Еще в Нью-Йорке Хорес посвятил О’Хиггинса во все подробности ожидающего их в Париже скандала, чтобы хорошенько напугать его. Рассказал, как Стелла клялась, что покончит с собой, а его мать отреагировала на ее угрозу безжалостно и черство:

— Ничего подобного. Она не убьет себя, ведь только что заказала четыре новых платья.

Хорес не преувеличивал: в Париже Мадам беспощадно гоняла своего секретаря. Каждое утро в шесть ровно вызывала его к себе по внутреннему телефону. Юноша изнемогал от недосыпания, поскольку ночи напролет кутил в столице с другими гомосексуалистами. Наспех проглотив легкий завтрак, они ехали в салон на улицу Фобур-Сент-Оноре. Там Елена, как фурия, налетала на персонал и разносила всех и вся, причем доставалось и Стелле с Эммануилом.

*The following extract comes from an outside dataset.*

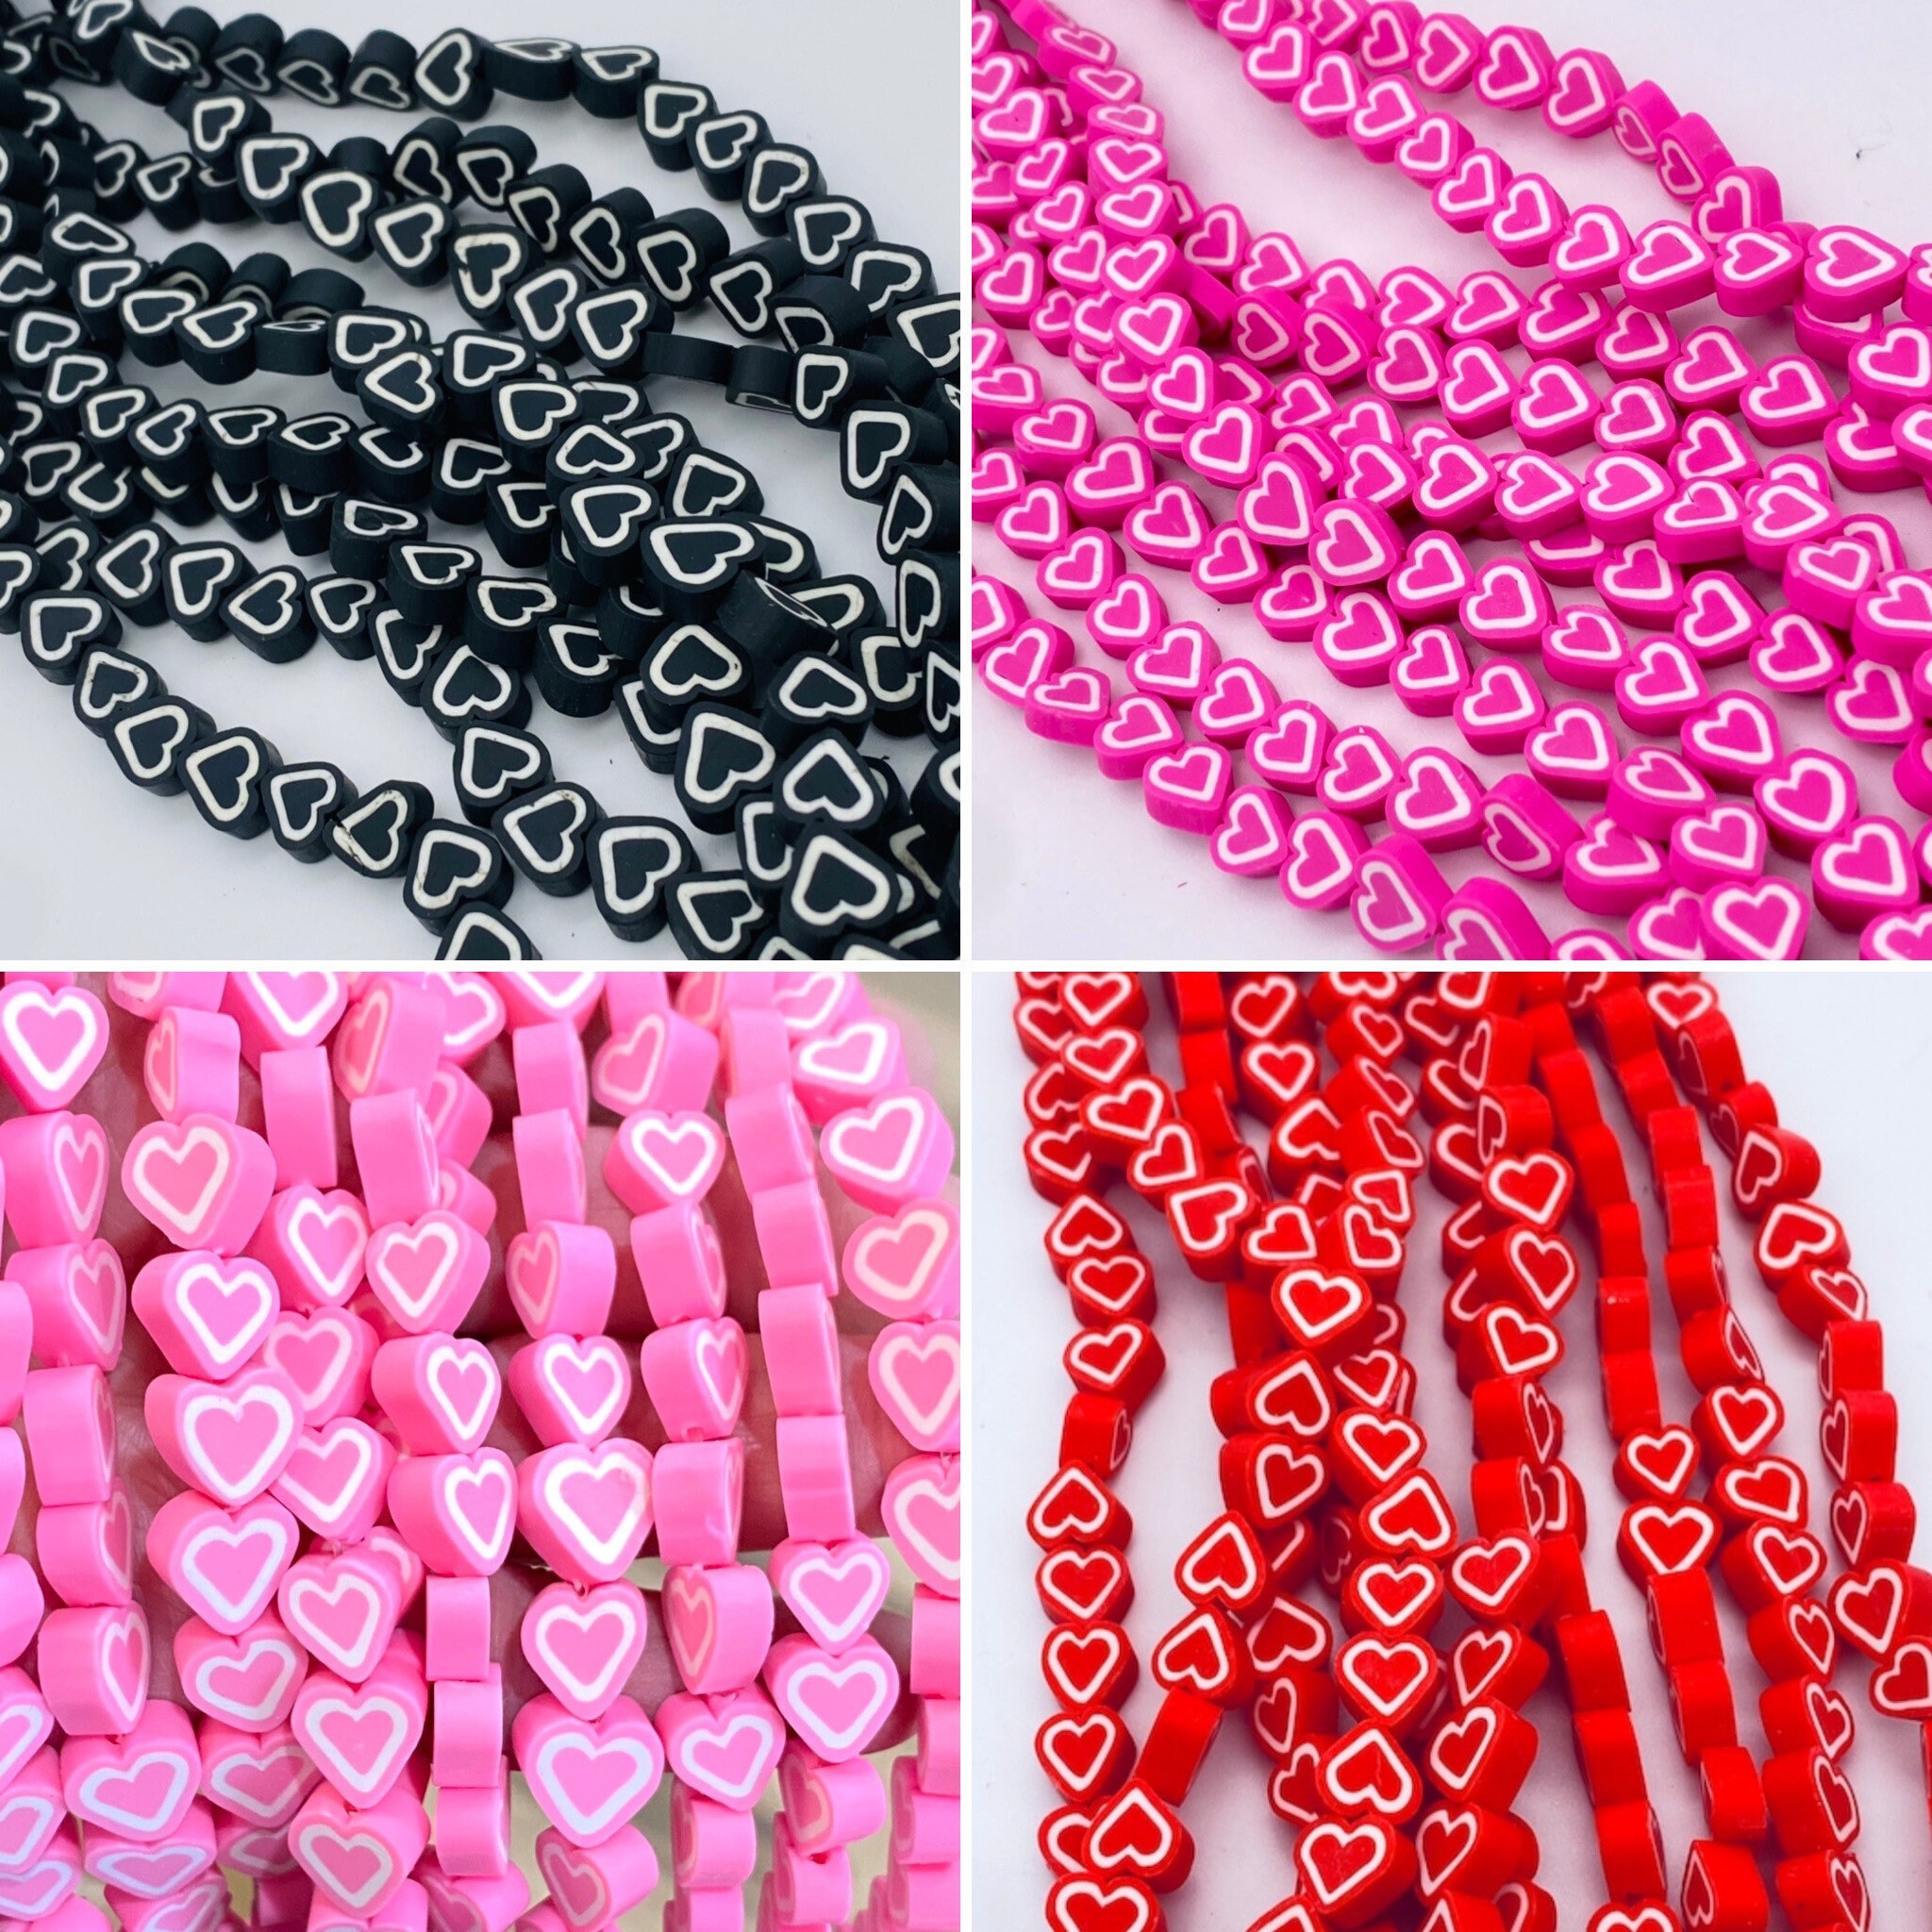 NVENF 3000PCS+ Valentine’s Day Clay Beads for Jewelry Making, Red Pink Polymer Clay Heishi Beads, Enamel Heart Charms for Bracelet Necklace Earrings

Парижский салон фирмы поразил Патрика своей теснотой, ветхостью, неприглядностью, в отличие от роскошного ультрасовременного салона в Нью-Йорке. Зато здесь, как и в Америке, двери никогда не закрывались, и каждого обслуживали точно в срок. О’Хиггинс сразу понял, что работа предстоит адская. Он печатал корреспонденцию, участвовал в переговорах, выполнял многочисленные поручения, присутствовал на заседаниях совета директоров. Именно Патрик придумал новый слоган фирмы: «Елена Рубинштейн — создательница науки о красоте» — во время презентации нового молочка для снятия макияжа «Deep Cleanser».

В обязанности О’Хиггинса входило и многое другое. Например, он должен был организовывать встречи с главными редакторами и сотрудниками лучших женских журналов моды. Так он познакомил Елену с Иреной Брин, корреспонденткой «Harper’s Bazaar» в Риме, представительницей восьми итальянских изданий в Париже. Во время завтрака в ресторане гостиницы «Кастильоне» на улице Фобур-Сент-Оноре синьора Брин уговаривала Мадам приехать в Рим и посетить картинную галерею ее мужа Гаспаро дель Корсо.

Вскоре они увиделись вновь на приеме у Мари-Луизы Буске. С 30-х годов слава знаменитой журналистки не потускнела. Она по-прежнему принимала гостей по четвергам, с шести до девяти вечера, у себя на площади Пале-Бурбон, «в коридоре», как она называла свою квартиру. У нее собирались сливки парижского общества.

Мари-Луиза опиралась на трость с золотым набалдашником и ударяла ею об пол гулко, как стучит молотком аукционист. Елена постоянно ссужала ее деньгами и дарила «небольшие подарки в знак внимания», к примеру преподнесла автомобиль. «Ведь журналисты бедны, им так мало платят!» — говорила она, словно оправдываясь.

Именно Буске объявила О’Хиггинса любовником мадам Рубинштейн. Не она одна сплетничала об этой странной неразлучной паре, выдумывая невесть что. Их повсюду видели вместе, и в тесном мирке парфюмерии, моды и прессы расползались самые невероятные слухи. Хотя ничего двусмысленного в их отношениях не было и Патрик довольно откровенно обнаруживал свои истинные пристрастия, Елена забеспокоилась: «Князь очень ревнив, он не простит…» На людях Мадам держалась как ни в чем не бывало, утверждала, что лишь посмеивается над глупой клеветой и желает своему молодому секретарю сохранять в свою очередь олимпийское спокойствие. Вполне возможно, Елене, целомудренной и стыдливой, в глубине души льстило, что ее в таком возрасте можно заподозрить в адюльтере.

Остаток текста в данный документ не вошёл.